▶ _ACTION ITEM_: You are asked to repeat the listing word for word and to leave out its pictures.

▶ _DATA SECTION_:
Start of Block

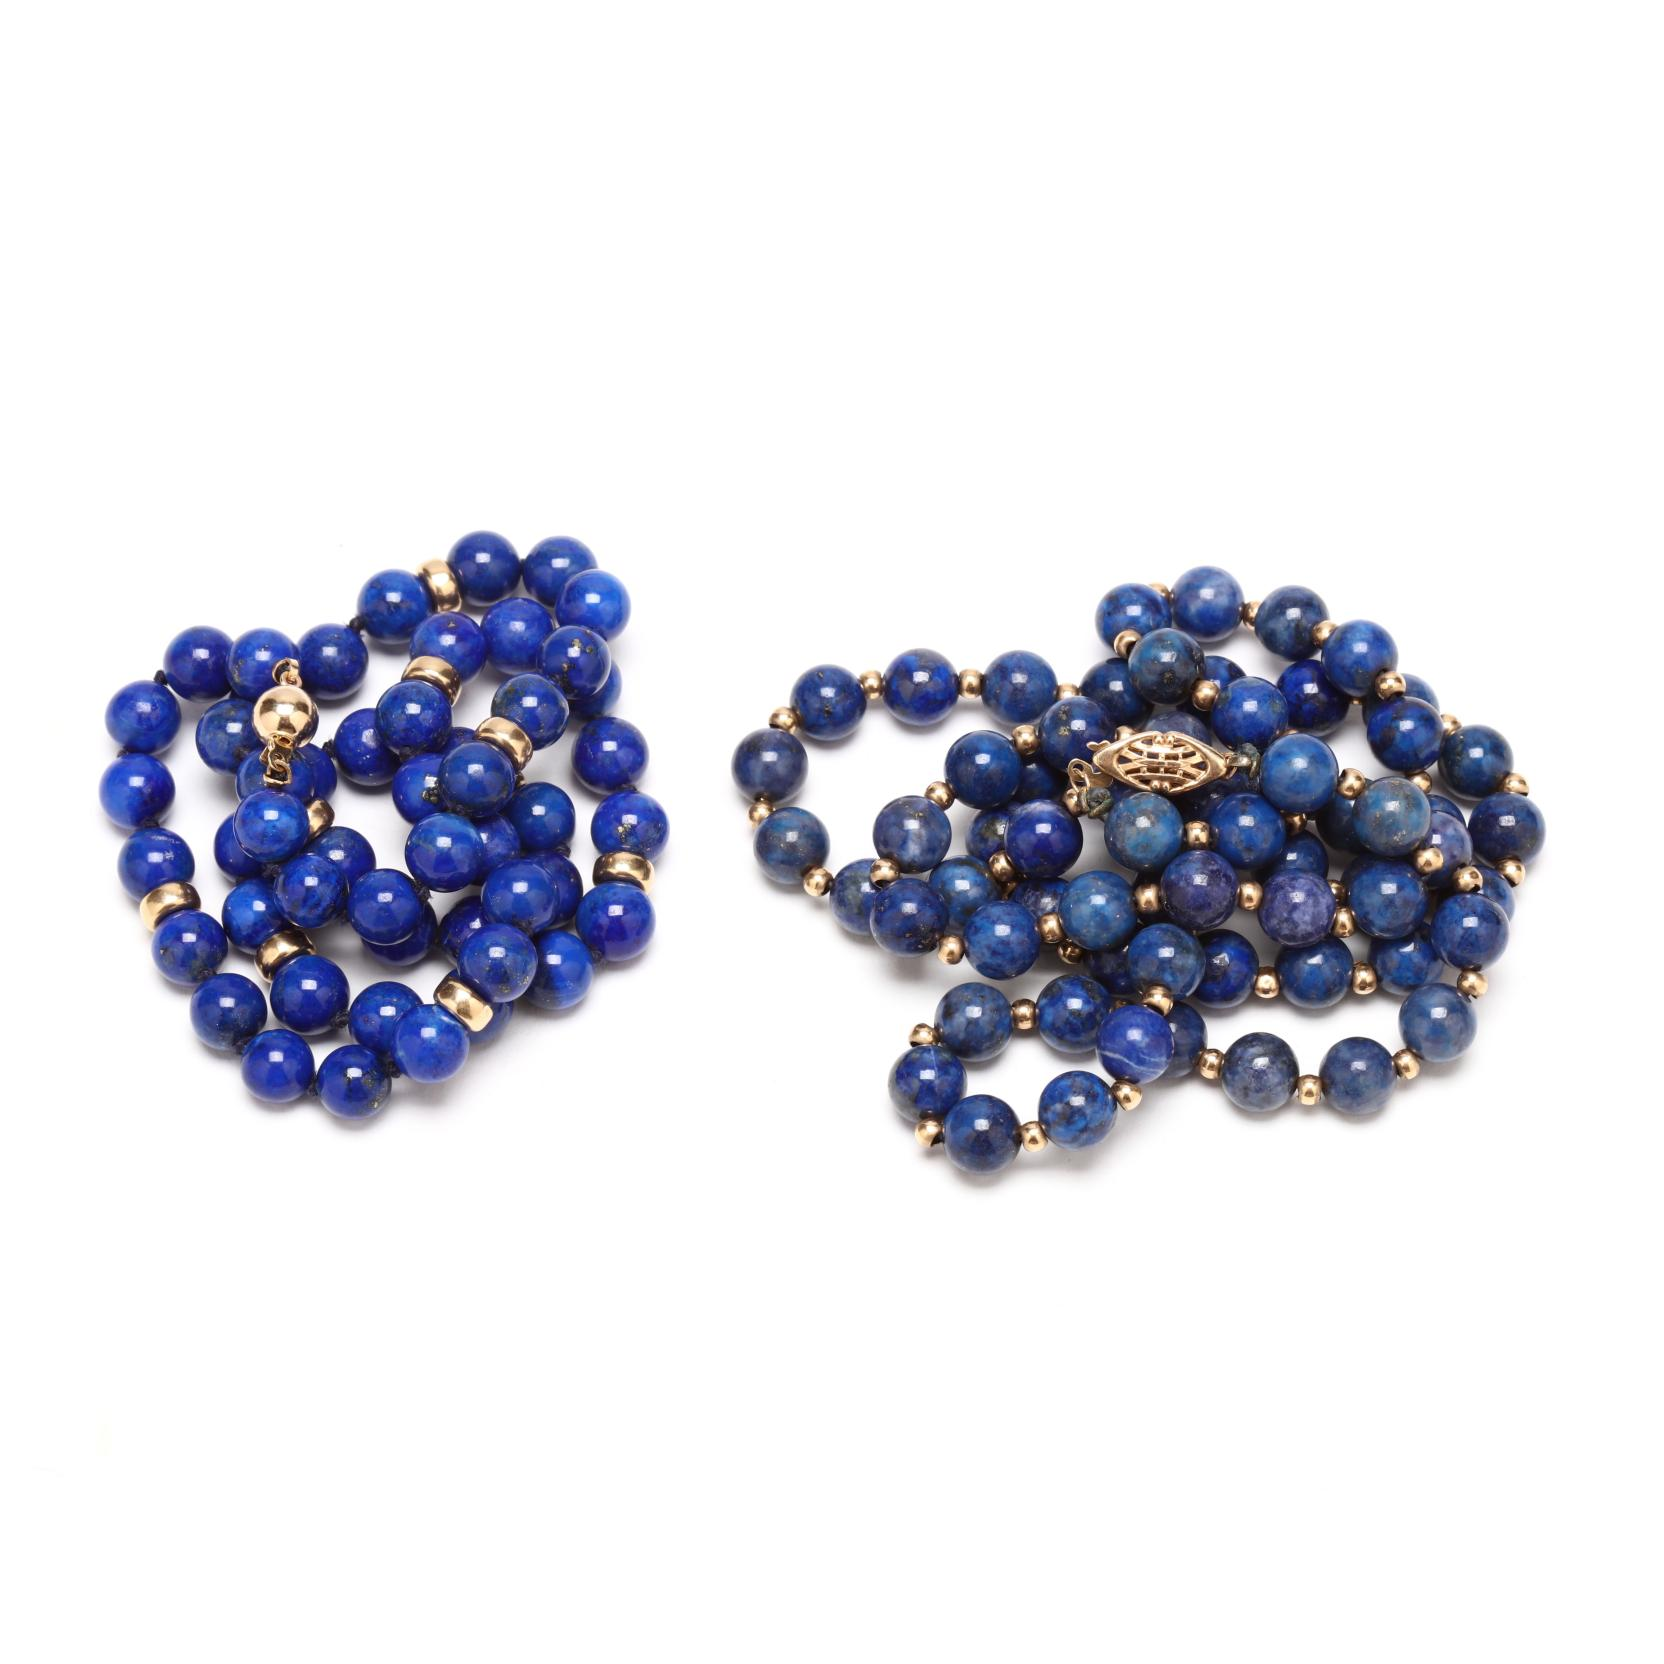 two-lapis-lazuli-bead-necklaces
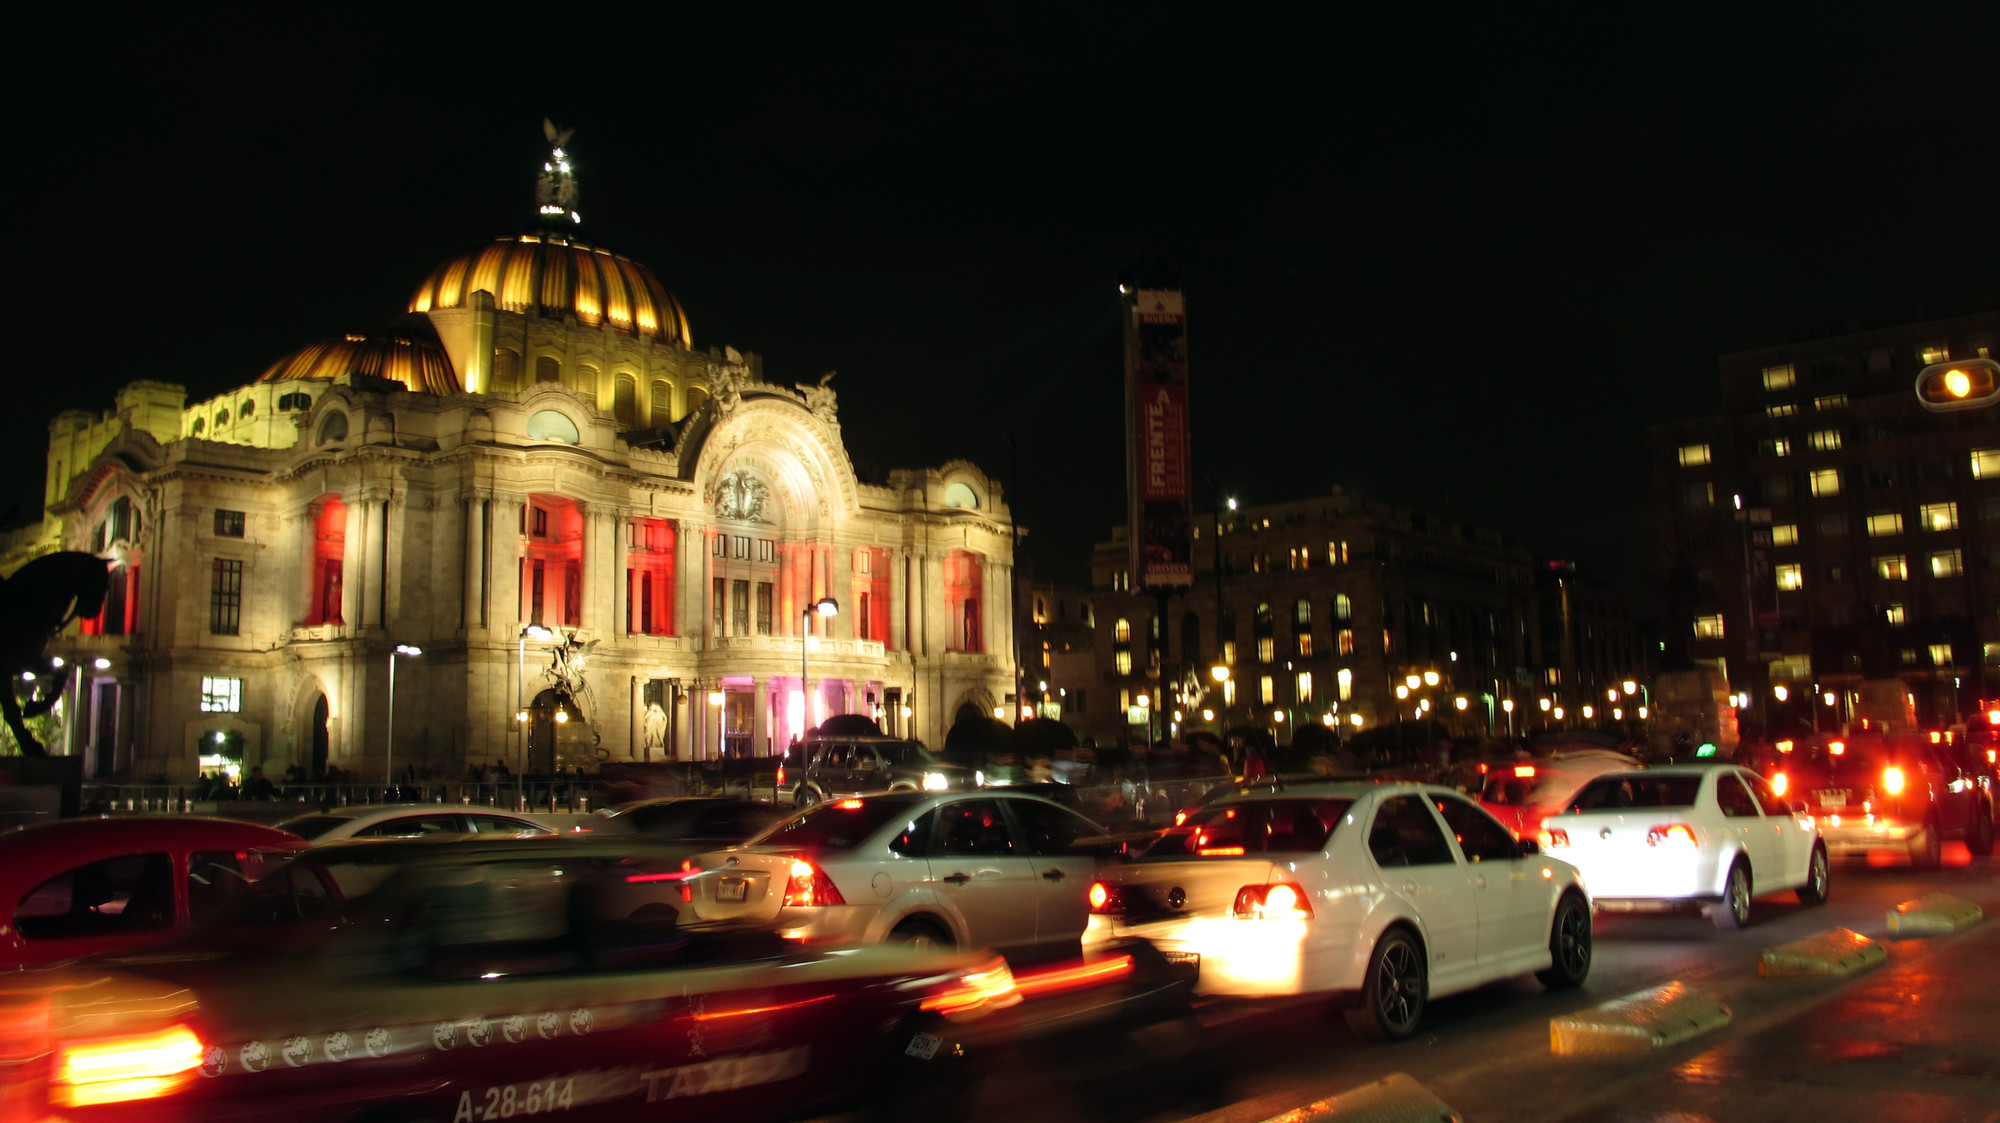 El Centro Histórico del D.F.: de lámparas de gas a luminarias LED, Cortesia de Daniela Arceo
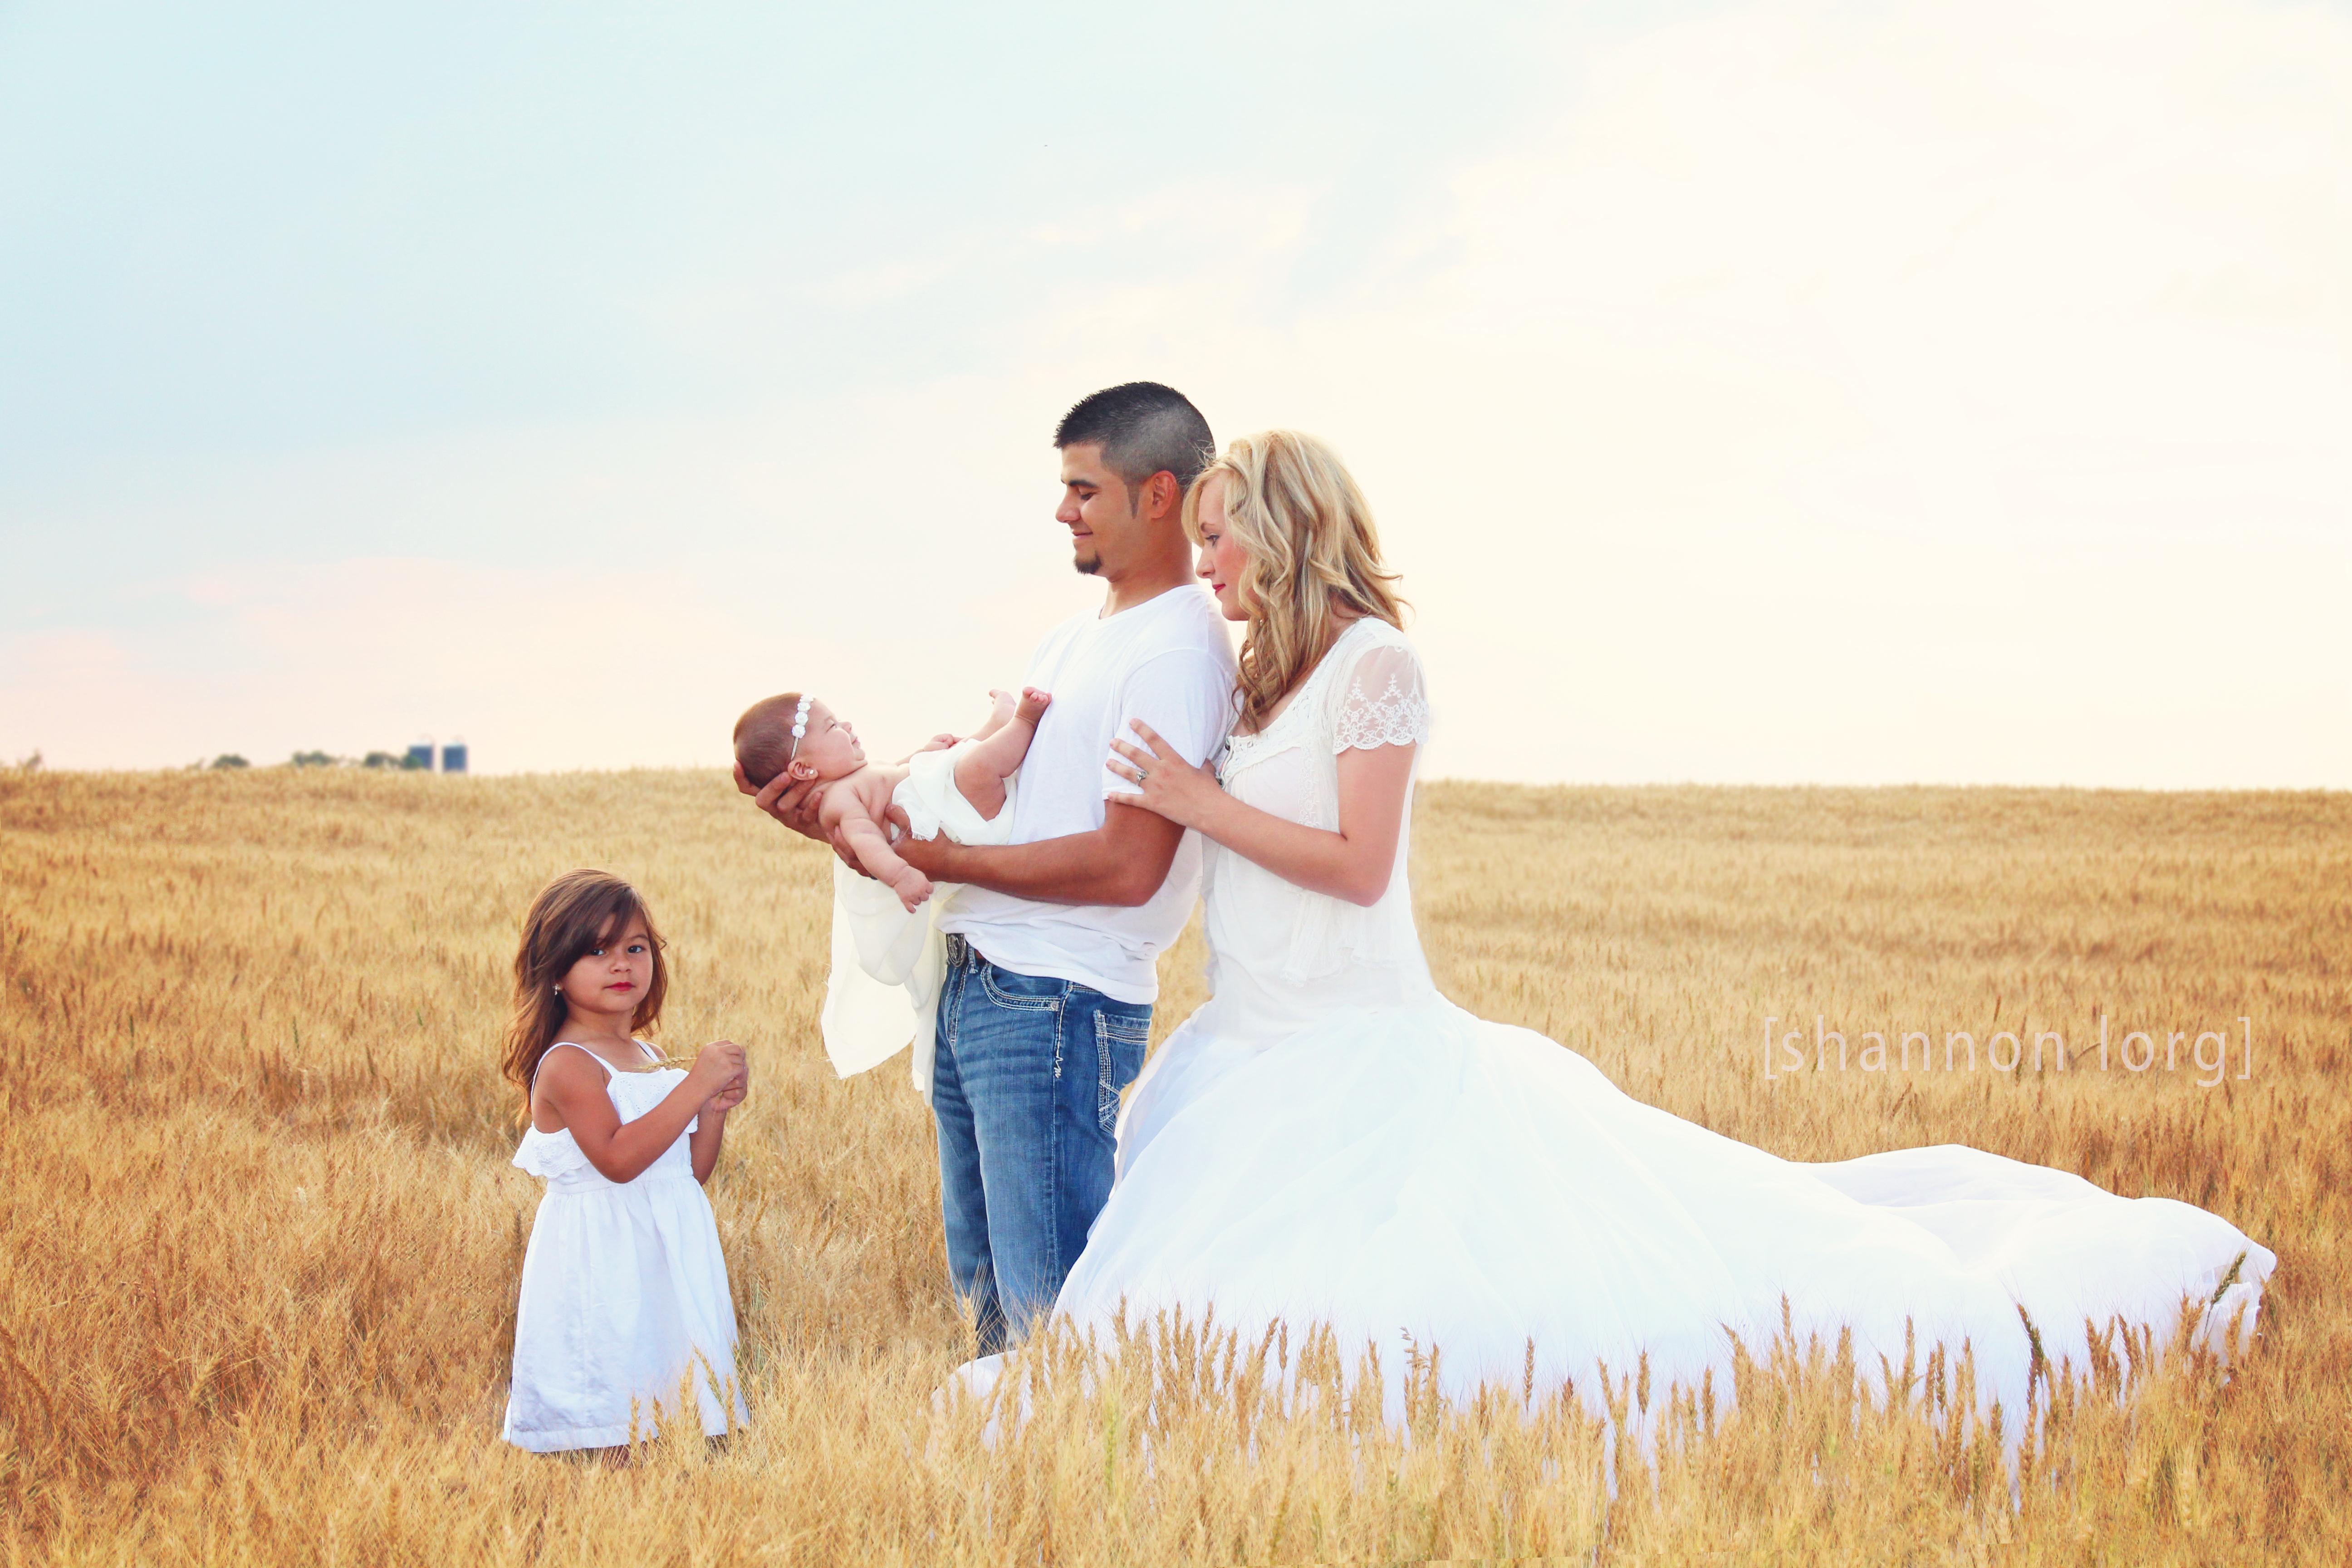 A Vintage Wedding Dress And An Oklahoma Wheat Field

End of Block

▶ _EXERCISE SOLUTION_:
 two-lapis-lazuli-bead-necklaces
 El Centro Histórico del D.F.: de lámparas de gas a luminarias LED, Cortesia de Daniela Arceo
 A Vintage Wedding Dress And An Oklahoma Wheat Field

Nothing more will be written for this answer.